3Down: With training camp set to open in less than two weeks, the timing has raised some eyebrows.
Carter: “Why not do it now? I’ve done the work to prepare this defence to win games. The playbook is ready and it’s immaculate. The philosophy is there and much of it is shared with Stubler so he’ll have no problem transitioning using the language I’ve used to build the defence into his own structure. If Stubler wasn’t there, I wouldn’t be doing this. I did the work in personnel, we had a great free agency period and our draft was good. There’s already a good Canadian ratio and everything is built for them to have success. I think Stubler is going to do great and I’m just going to step back and help them from behind the scenes. I’m going to use my education and my experience in a less visible role. It doesn’t mean that I’m disappearing out of the CFL, it just means I’m choosing my family over coaching right now and the Alouettes are okay with that.”
3Down: How did this decision come about?
Carter: “I live in Iowa. I’ve been contemplating this for a couple of months and the organization has given me the chance to still be involved and still be with my family. I think if everybody understands that “personal reasons” are my own reasons, then they don’t have to speculate if somebody did this or that. Kavis is my brother and I love him to death and he loves me and we talked very candidly over the last couple of months about things and that’s why it’s been such an easy transition for him and for me and everything is where it is supposed to be. My wife is ecstatic believe me. I have an older daughter who is going through some life transitions, a 17-year-old daughter who is going into college, a nine-year-old stepdaughter and a two-year-old daughter. My wife works full-time and it was tough without me when I was in Calgary, even though she was on board. There’s a lot of things to consider for our family and so the Alouettes have given me another role and that’s a win for everyone.

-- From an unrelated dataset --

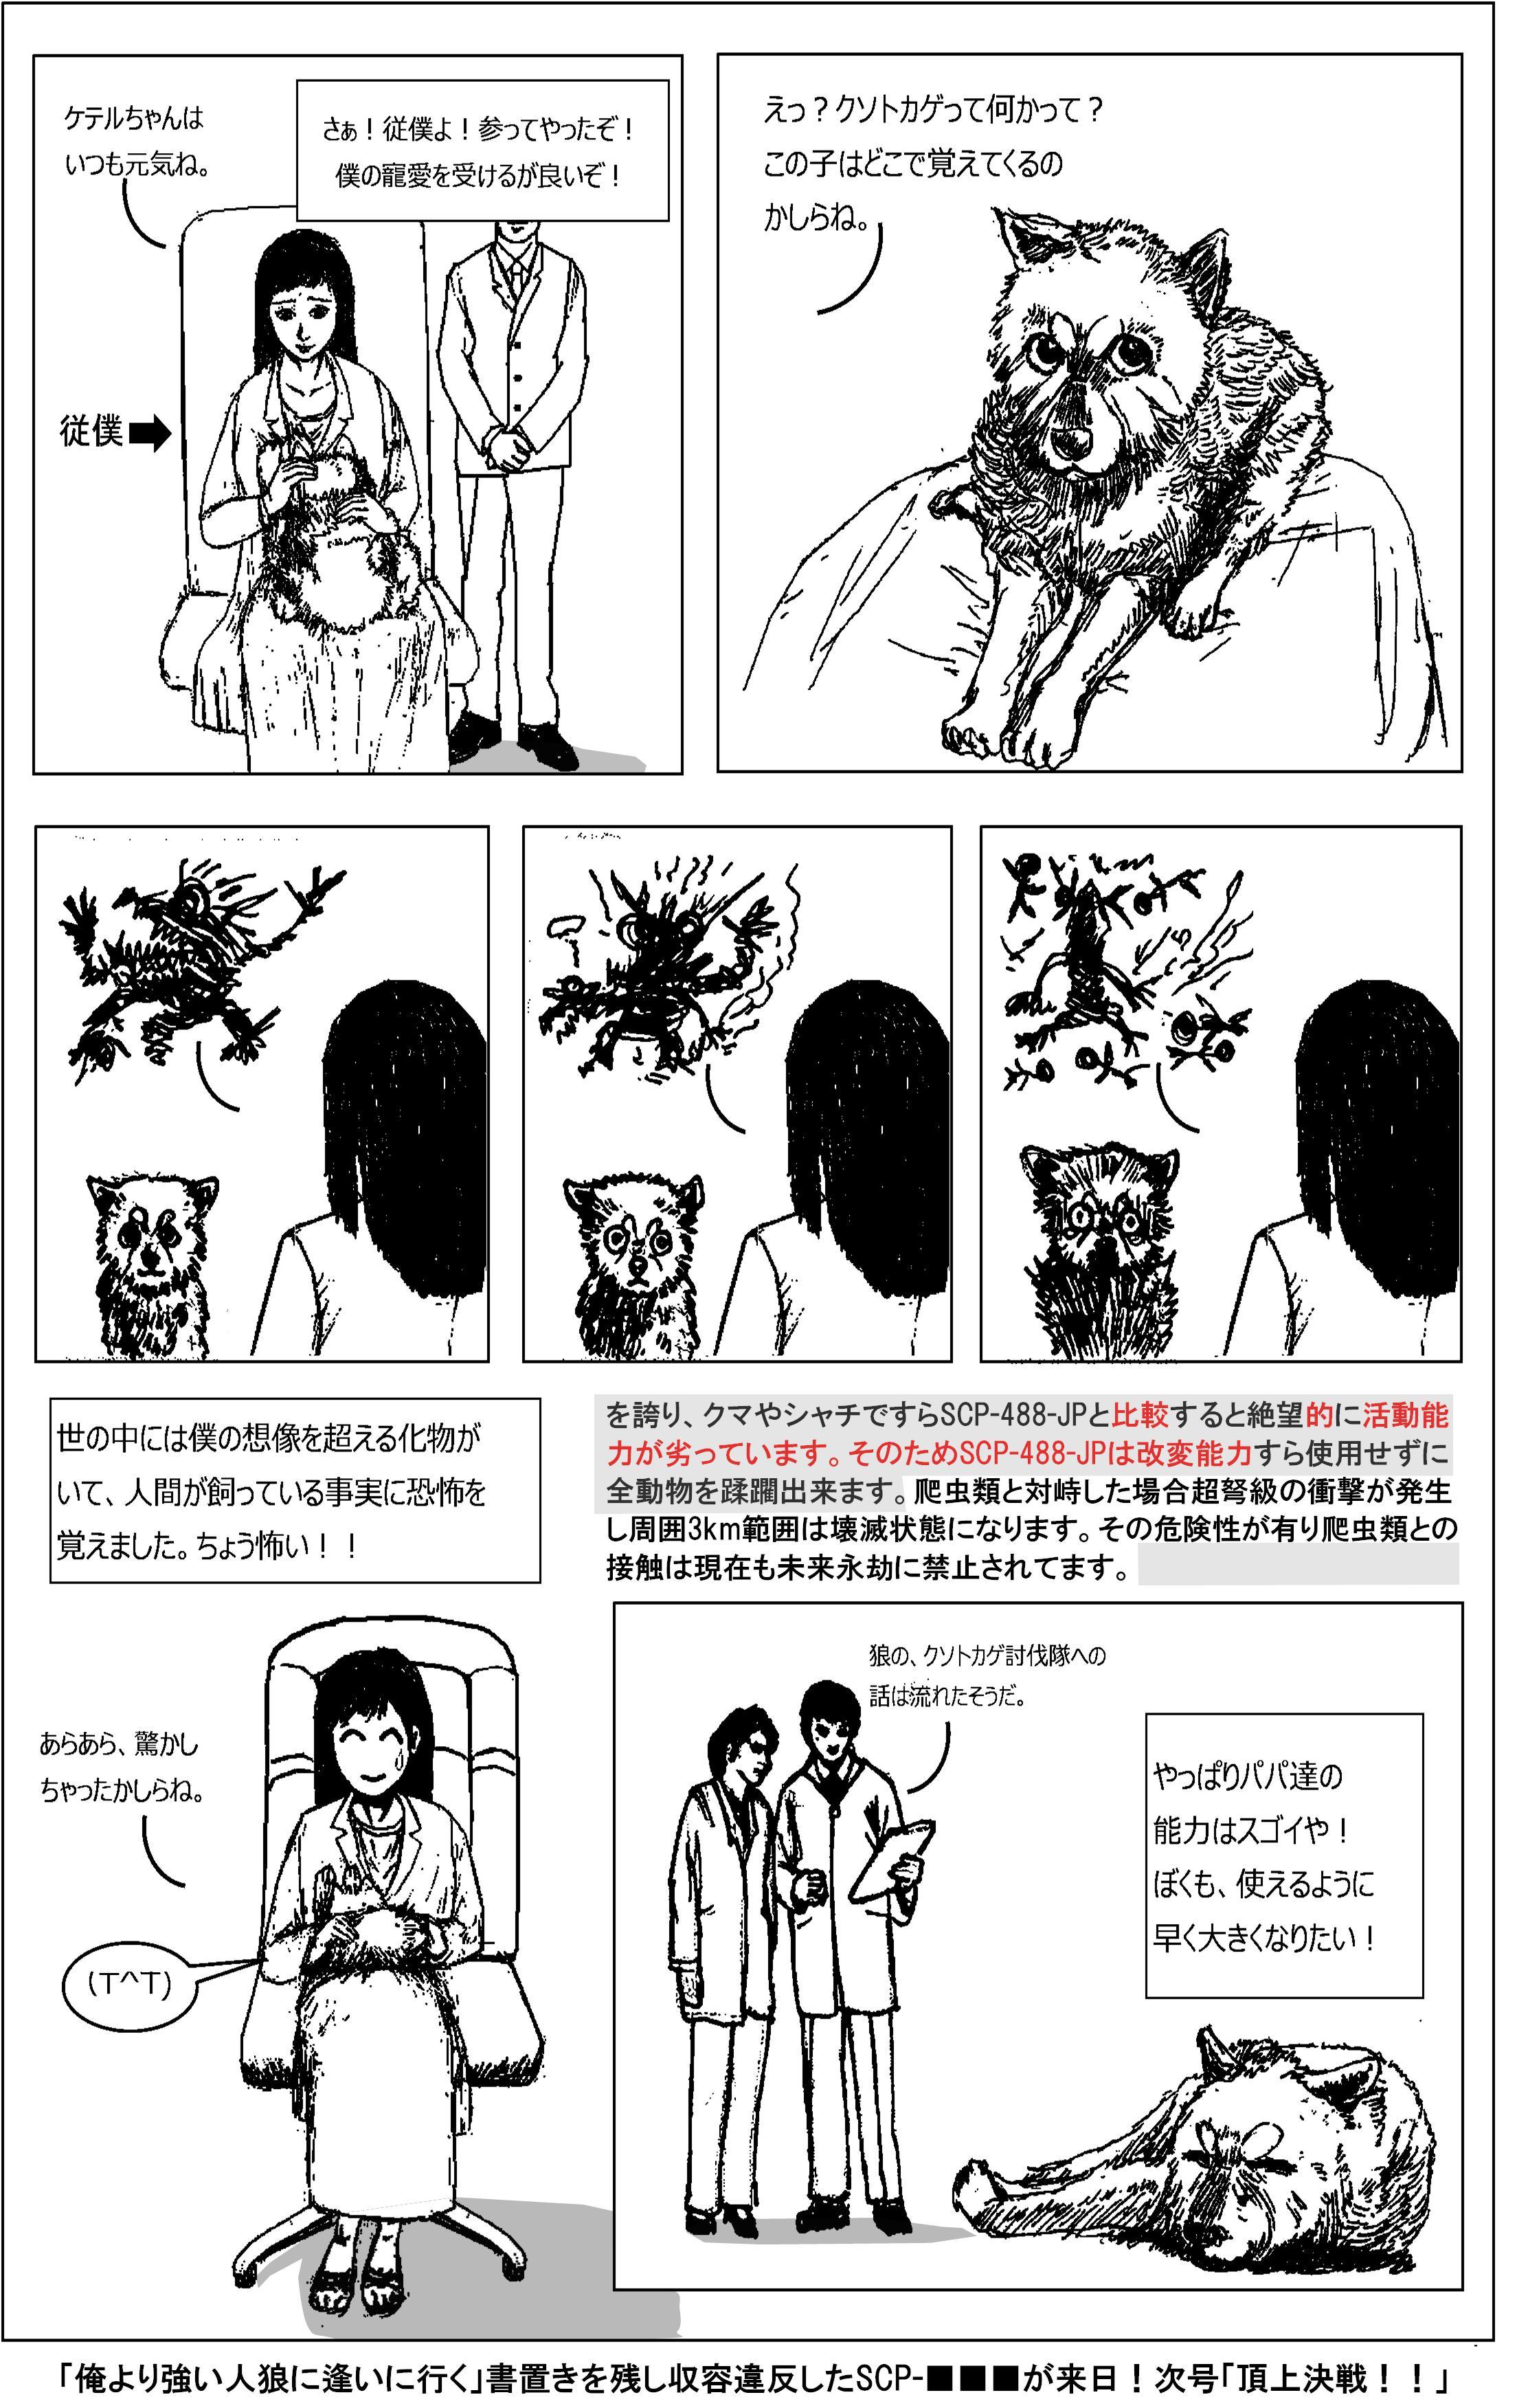 狼少年ケテル_2ページ.jpg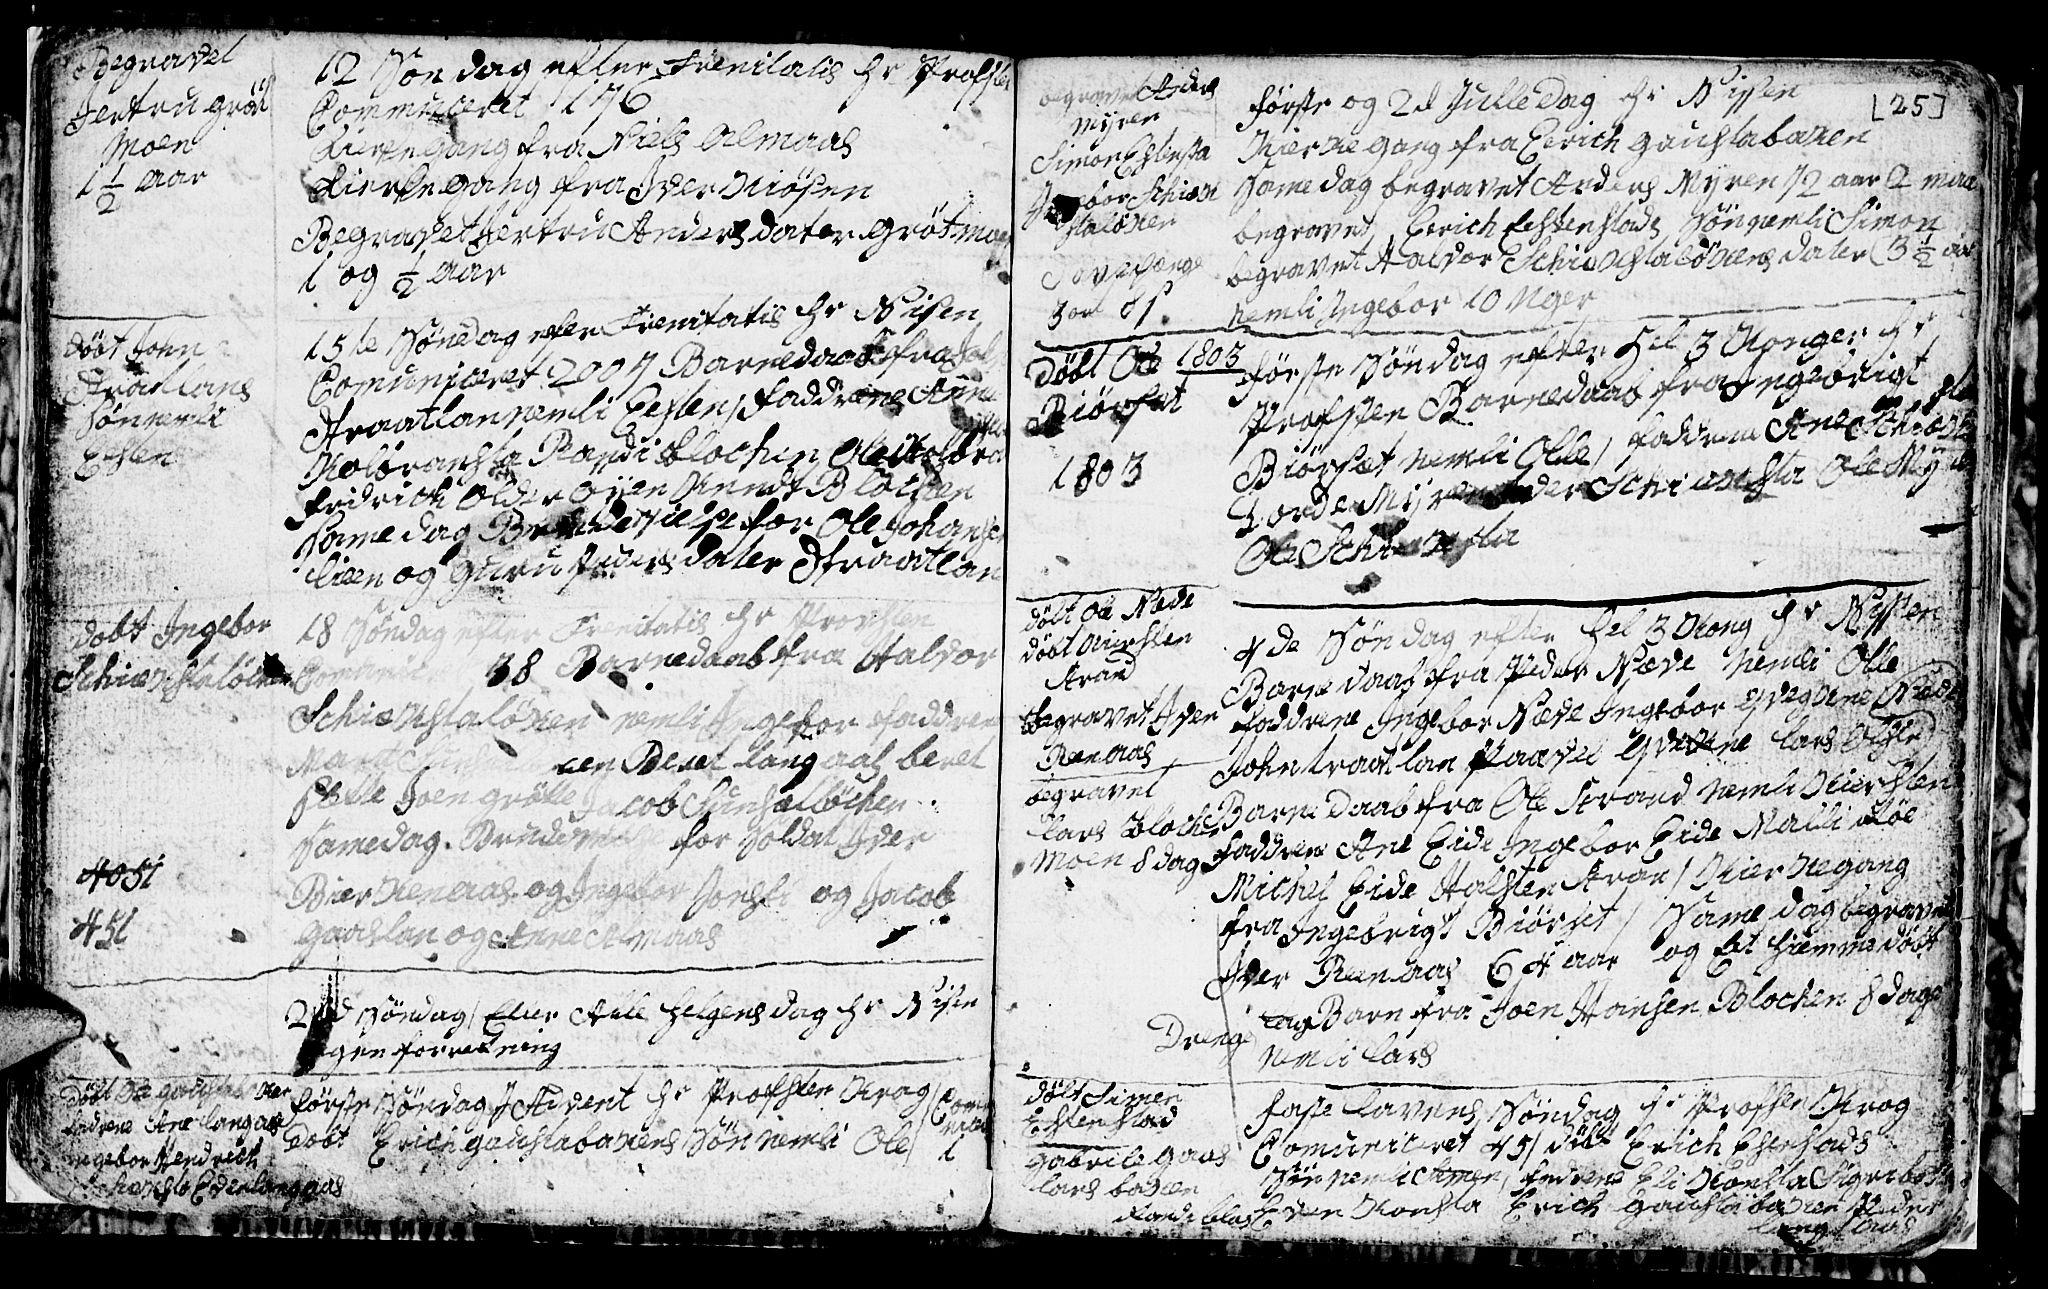 SAT, Ministerialprotokoller, klokkerbøker og fødselsregistre - Sør-Trøndelag, 694/L1129: Klokkerbok nr. 694C01, 1793-1815, s. 25

“Here I am trying to push this coaching door open and God is telling me ‘your family, your family, your family.’ This offseason really gave me a chance to see it. There are people in my family who really need me right now and the Montreal Alouettes were gracious enough to give me an opportunity to go into scouting and work from home and have a more flexible schedule. The timing is right and I’m very grateful for that. It can’t be ‘faith, football and family’ anymore it has to be ‘faith, family and football.’ It was like that in Calgary; I was trying to win a championship so bad and people fumbled away my championships. I put so much into it and I can’t put football front of my family anymore. I have to put my family first that’s just the way it is.”